Learn by Directing AI

Step 1: Review what the mart layer does

Open materials/pipeline-spec.md and read the mart layer section. Then open materials/schema.md and look at the fct_harvests table definition.

The staging table cleaned the data. It cast types, renamed columns, handled nulls. But it did not answer any of Carlos's questions. He needs production totals by collection point. He needs to look up what a specific beekeeper delivered and when. He needs traceability data for buyers in Maputo who want to know where the honey came from.

The mart layer is where those questions get answered. fct_harvests takes the clean staging data and transforms it into something a cooperative manager can actually query. That means deduplication — making sure the same harvest record does not appear twice — and structuring the data so that grouping by collection point, by grade, or by beekeeper produces meaningful totals.

The distinction matters: staging conforms data, the mart serves the consumer. If the staging layer is a promise that the data is clean, the mart layer is a promise that the numbers mean something.

Step 2: Direct Claude Code to write the mart SQL

A deduplication key is the combination of columns that uniquely identifies a record. Choosing the wrong key means keeping duplicates or losing valid records — if you deduplicate on beekeeper name alone, you collapse every delivery that beekeeper ever made into a single row.

Ask Claude Code to create the mart table:

Write a SQL script that creates fct_harvests from stg_harvests in DuckDB. It should: deduplicate the harvest records, preserve all columns needed for production reporting by collection point and quality grade, and support beekeeper-level history queries.

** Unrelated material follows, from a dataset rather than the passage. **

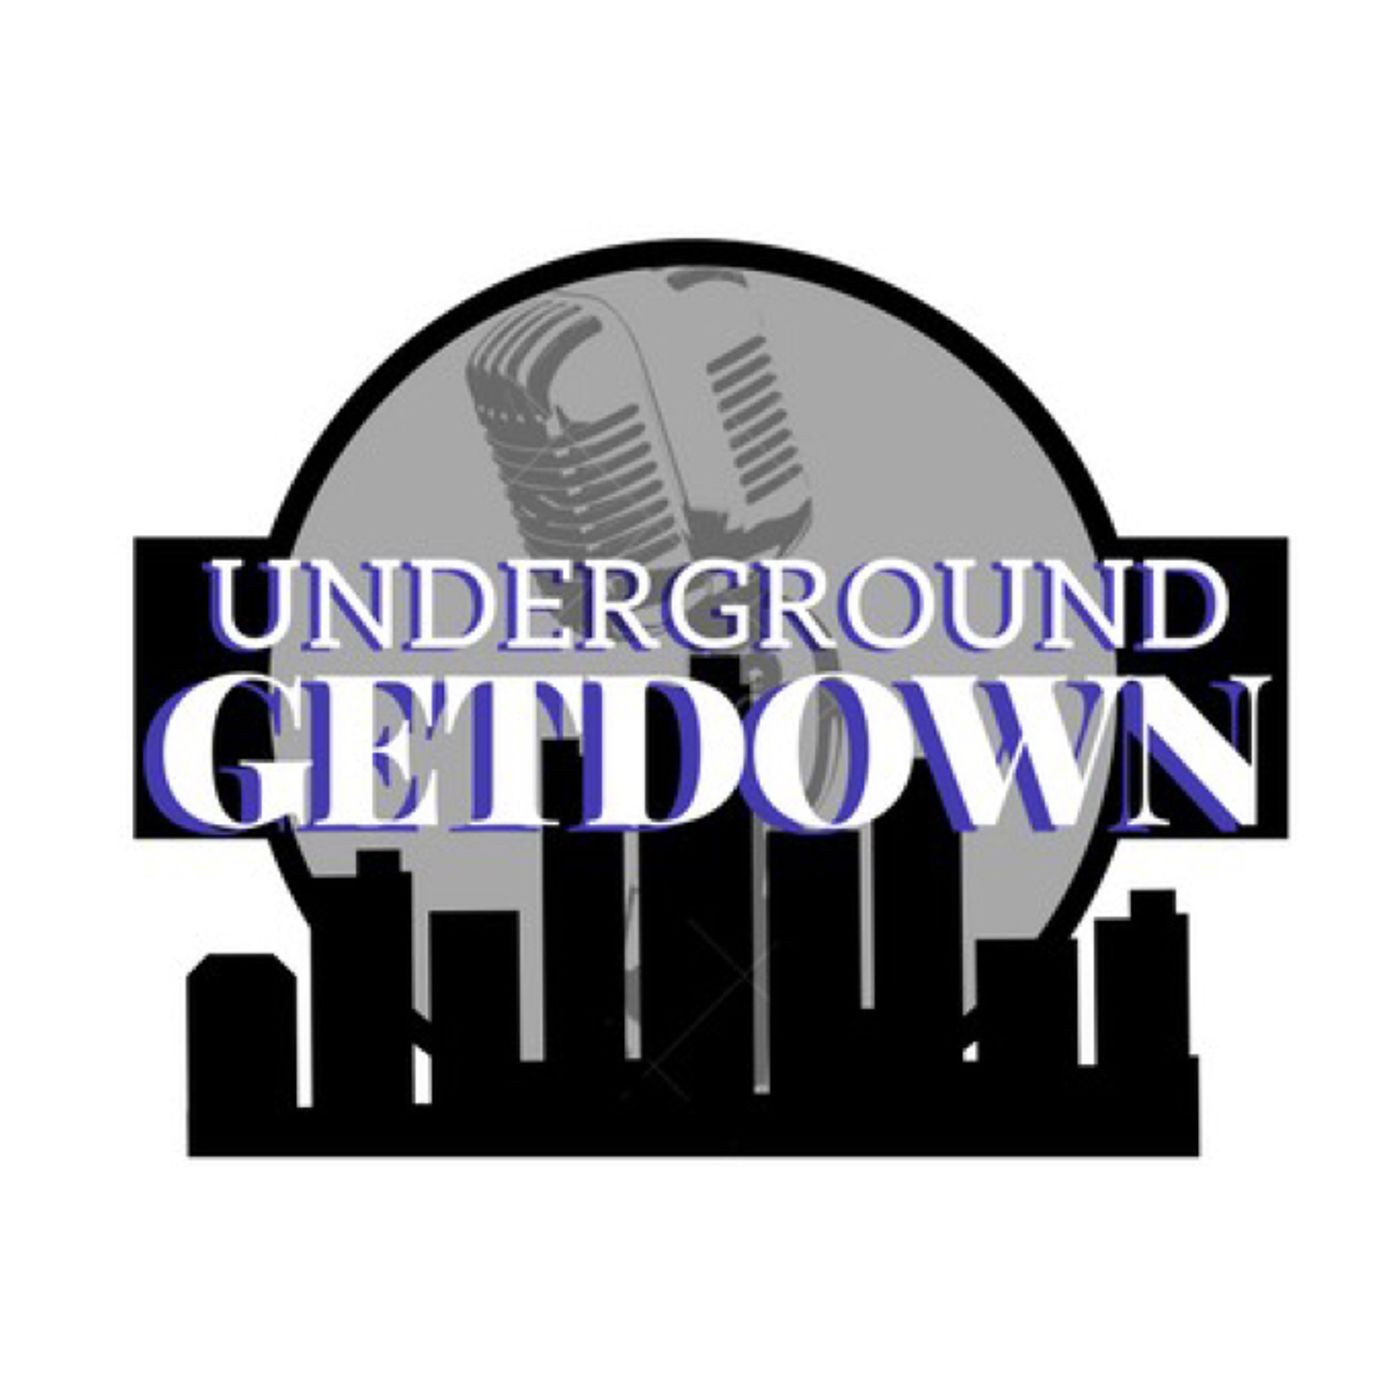 Underground Getdown - 3/27/2019 - Last Show on NAI!

Reference materials/schema.md for the column specifications and materials/pipeline-spec.md for what the mart needs to support.

Claude Code will read the schema and pipeline spec and produce a SQL script. Before you run it, read what it wrote. The script contains a deduplication strategy — some decision about which column or columns identify a unique harvest record. That decision determines what the mart table contains. A different key produces different row counts, different totals, different answers to every query Carlos runs.

AI commonly gets deduplication logic wrong. It tends to pick the simplest, most obvious column as the unique key — which may not actually identify unique records in data where the same entity appears multiple times for legitimate reasons. When that happens, separate records get silently merged. No error. The row count just comes out lower than it should, and the totals are wrong.

You do not need to catch the problem here. You need to know the check is coming.

Step 3: Run the mart script

Run the script and query the result:

Run the mart SQL script, then show me the first 10 rows of fct_harvests and a total row count.

Look at the output. The mart table should have the columns described in the schema documentation. The row count should be lower than staging — deduplication removes true duplicates. But "lower" is not enough information. The question is whether the count matches the expected value.

AI may summarize its own output confidently. It might say "deduplication complete, all records processed correctly." That is a description of what it did, not evidence that the result is right. The query output is the evidence.

Step 4: Check the mart row count

Open materials/verification-checklist.md and find the expected mart row count. Then compare:

SELECT COUNT(*) AS mart_count FROM fct_harvests;

Does your count match the expected value from the checklist? If it does, move to Step 6. If it does not, something went wrong during deduplication — and the numbers in every downstream query are affected.

A mart row count that is too low means records that should be separate were merged. Harvests that actually happened — different dates, different weights, different prices — were collapsed into one because the deduplication treated them as duplicates. The data looks cleaner than it is. The totals are wrong.

Step 5: Investigate the mismatch

If the count is wrong, find out why. Look at the deduplication logic in the SQL script Claude Code wrote. What column or columns did it use as the unique key?

Show me the deduplication logic in the mart SQL script. What columns does it use to identify unique records?

Think about what makes a harvest record unique. A beekeeper delivers honey on a specific date, at a specific collection point, with a specific weight and grade. The same beekeeper delivering on two different dates is two separate harvests — not a duplicate. If the deduplication key only uses the beekeeper name, every beekeeper's history gets collapsed to a single record.

Direct Claude Code to fix the deduplication key:

The deduplication key needs to be a composite of beekeeper name and collection date — the same beekeeper delivering on different dates are separate harvests, not duplicates. Fix the mart SQL and re-run it.

After the fix, check the row count again. It should now match the verification checklist value.

Step 6: Spot-check the revenue top-3

Row counts tell you the right number of records exist. They do not tell you the values are correct. Check the revenue totals by collection point:

SELECT collection_point, SUM(price_paid_mzn) AS total_revenue
FROM fct_harvests
GROUP BY collection_point
ORDER BY total_revenue DESC
LIMIT 3;

Compare the top three collection points and their revenue totals against the values in materials/verification-checklist.md. The names and the numbers should match. If the revenue totals are wrong — even if the row count is now correct — there is still a problem in the transformation logic. A total that is close but not exact is wrong.